=== TASK GOAL ===
Nothing but the lines below from the one with "Classic Vintage Car" through the one with "Res: 1920x1080, Cartoon" should be output, each exactly as given, and no pictures.

=== RECORD EXCERPTS ===
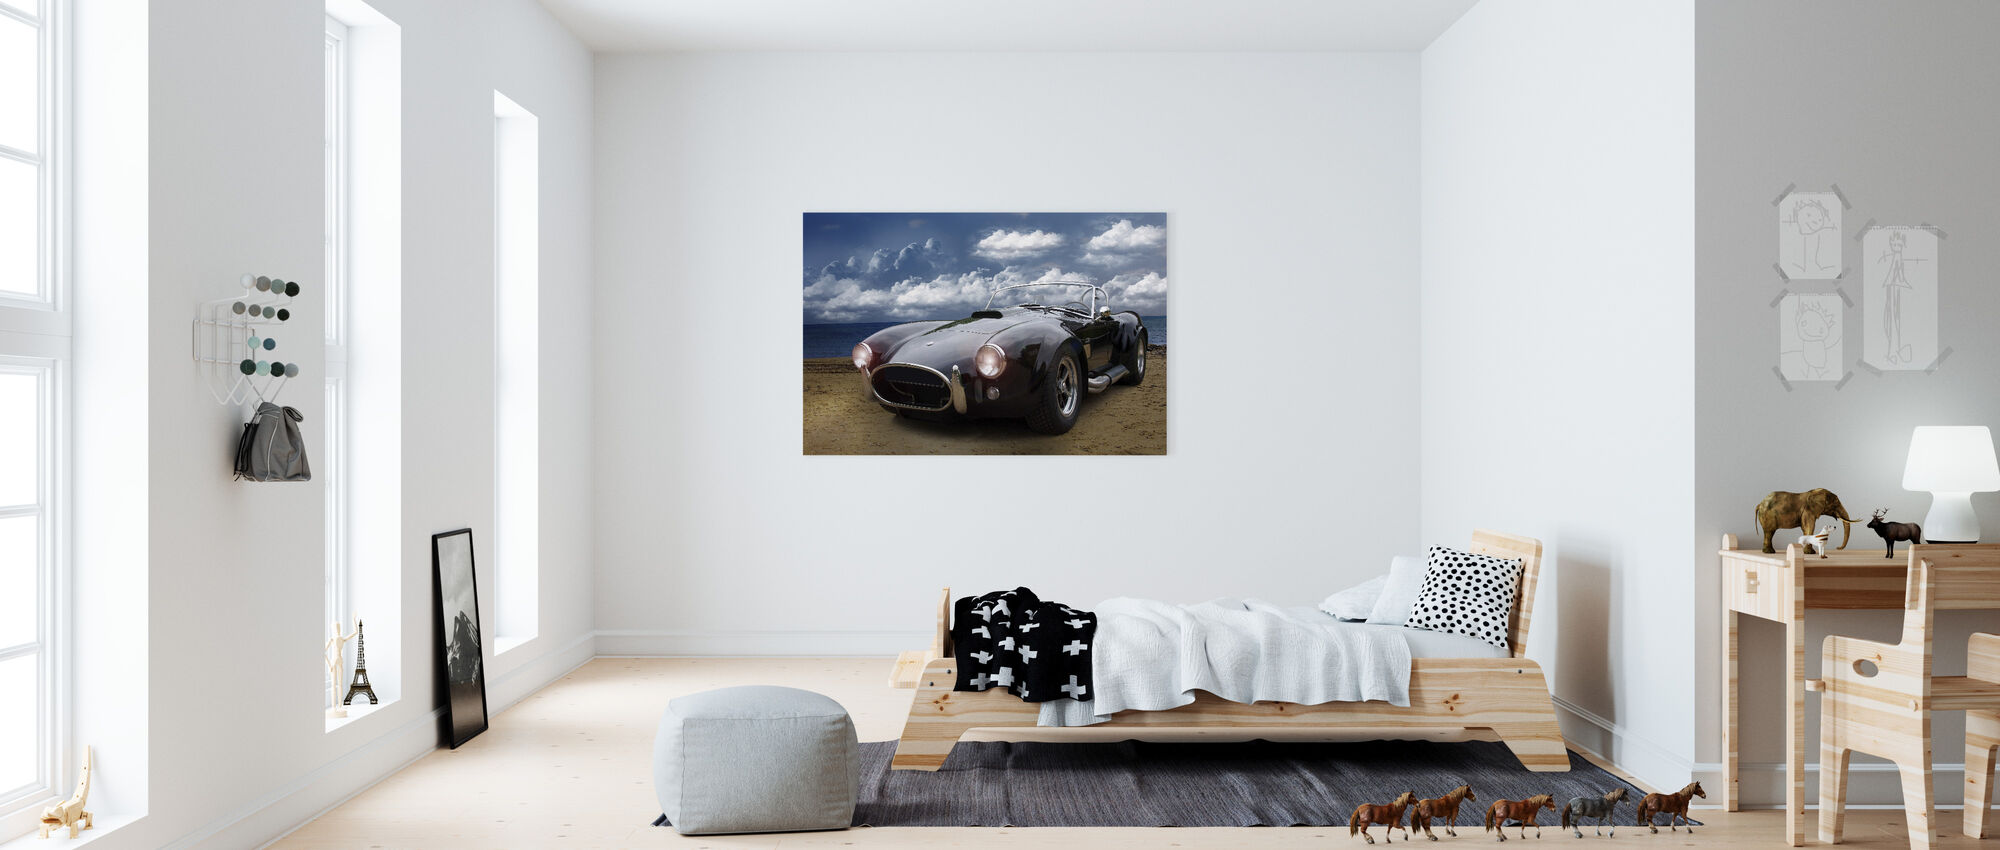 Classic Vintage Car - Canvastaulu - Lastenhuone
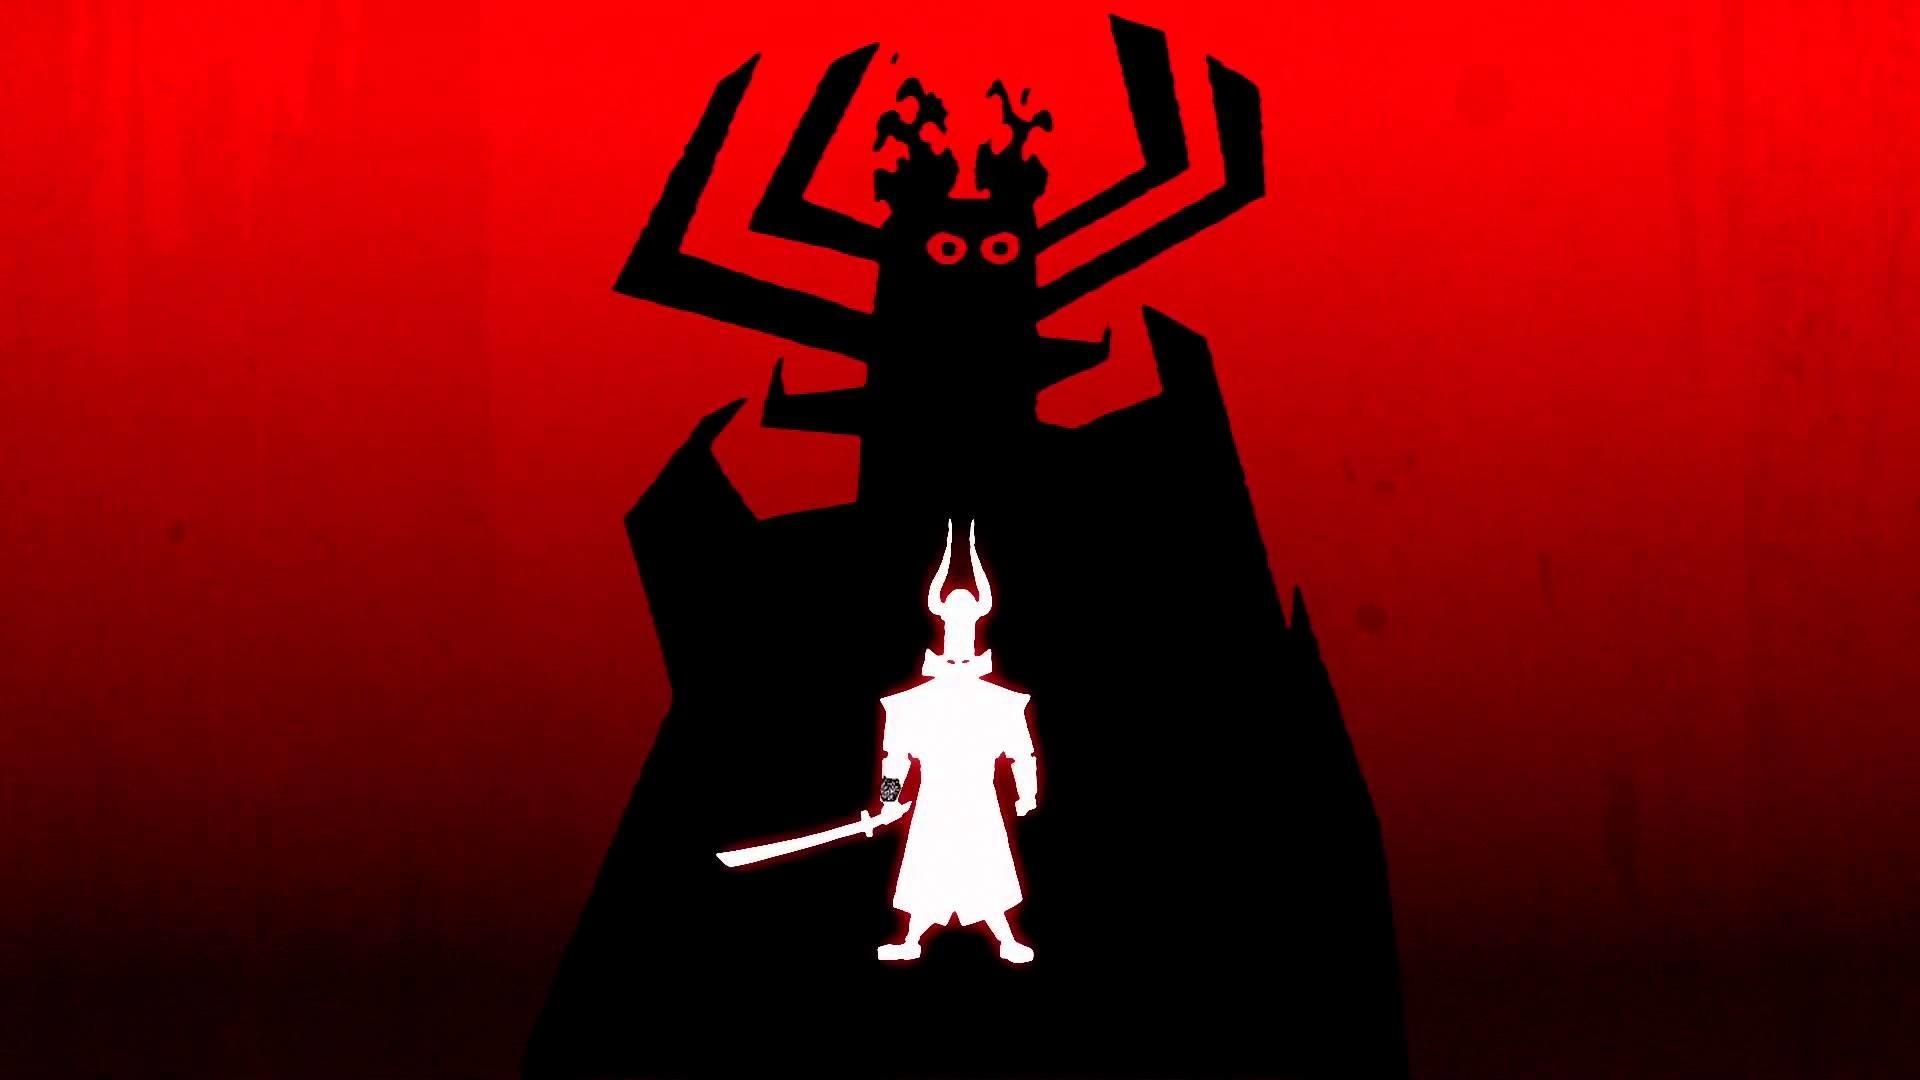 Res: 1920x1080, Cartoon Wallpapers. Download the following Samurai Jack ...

...

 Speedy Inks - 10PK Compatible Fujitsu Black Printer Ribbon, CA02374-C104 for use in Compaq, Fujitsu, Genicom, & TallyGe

=== COMPLETED TASK ===
 Classic Vintage Car - Canvastaulu - Lastenhuone
 Res: 1920x1080, Cartoon Wallpapers. Download the following Samurai Jack ...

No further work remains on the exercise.